The gates open. You can walk out and save yourself, or fuck up and find yourself inside again. Half the women you’ve done time with here will be back. You too, maybe. You find it easier to imagine relapse than redemption.
You’re soft around the middle. Treats coveted, hoarded, crammed in on lonely nights now evident as fat, to be dealt with in a gym or some such place. You wonder: can you even join a gym? Can you do anything that requires you to fill forms, to sign your name, to tick a box? Will there be a question that might trip you up? No guards now, no locks, just a feeling of eyes on your back. You will sleep with a light on like you did when you were a kid. You will hear things and you will jump in the night.
A free woman, you have nowhere to sleep. You plead at hostel doors with promises not to drink (they’ll be broken like bottles). Arrange to bed-share with an insomniac who’ll come and relieve you of your pillow at 8am when you’ll stagger out into daylight looking for … what? A job? A friend? Another bottle of wine? Thoughts are deafening, and what you’re looking for is silence. A sharp memory was once something to be prized, now there’s so much you want to forget.
For months, you have fantasised about being alone, performing simple acts unwitnessed. Now, you can eat fresh strawberries, send letters in sealed envelopes, get sunburnt, wear clothes that are not dark green, window shop for things you don’t need, dream effortlessly beneath soft blankets. Some of these you did often before you went inside, but they don’t seem right for a person like you now, these indulgences.

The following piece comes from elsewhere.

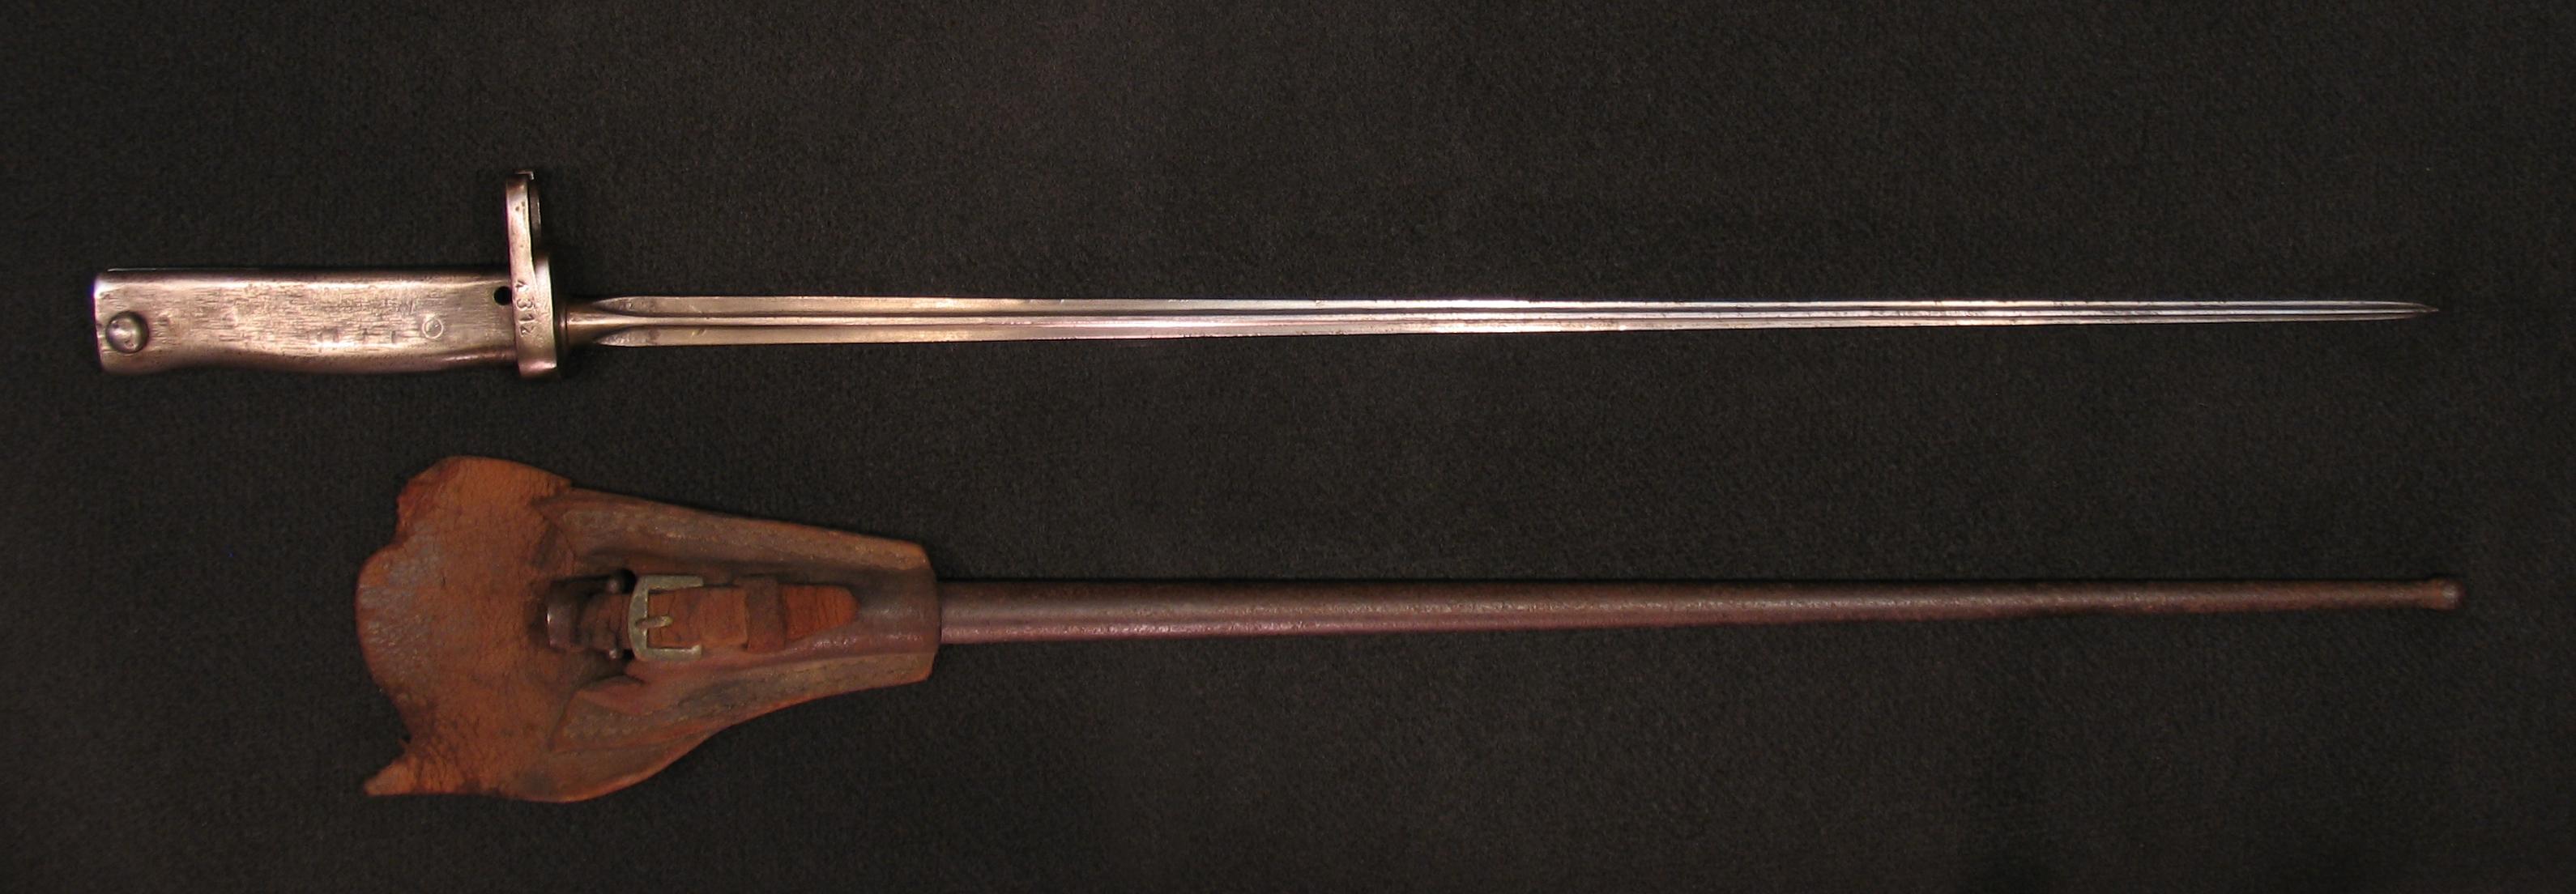 Click image for larger version.  Name:German ersatz Bayonets w Mle 86 Lebel Blade Detail 003.jpg Views:3 Size:2.00 MB ID:3667195

He’ll come looking for you, maybe. The city is small, your name easily traced, your face remembered though you’ll be many, many fucks ago now. And if he does, what will you say to him? Lines you rehearsed in your cell feel inadequate. Violent acts are out of the question while on parole. Blame scrambled. His fault? Yours? Sober, you’ll be anxious. Drunk, you’ll say something regrettable.
You remember your last day of freedom, can’t forget it. Blue eyes shining as he told you the plan. The steak dinner you shared, expensive but it didn’t matter because soon you’d be cashed up and heading east, or north or wherever he was going to take you in that stolen car. Can’t fail, he said. Can’t fail. He sped off from the agreed spot at the time he’d told you to be there. You were already in the admissions wing, waiting to be stripped down.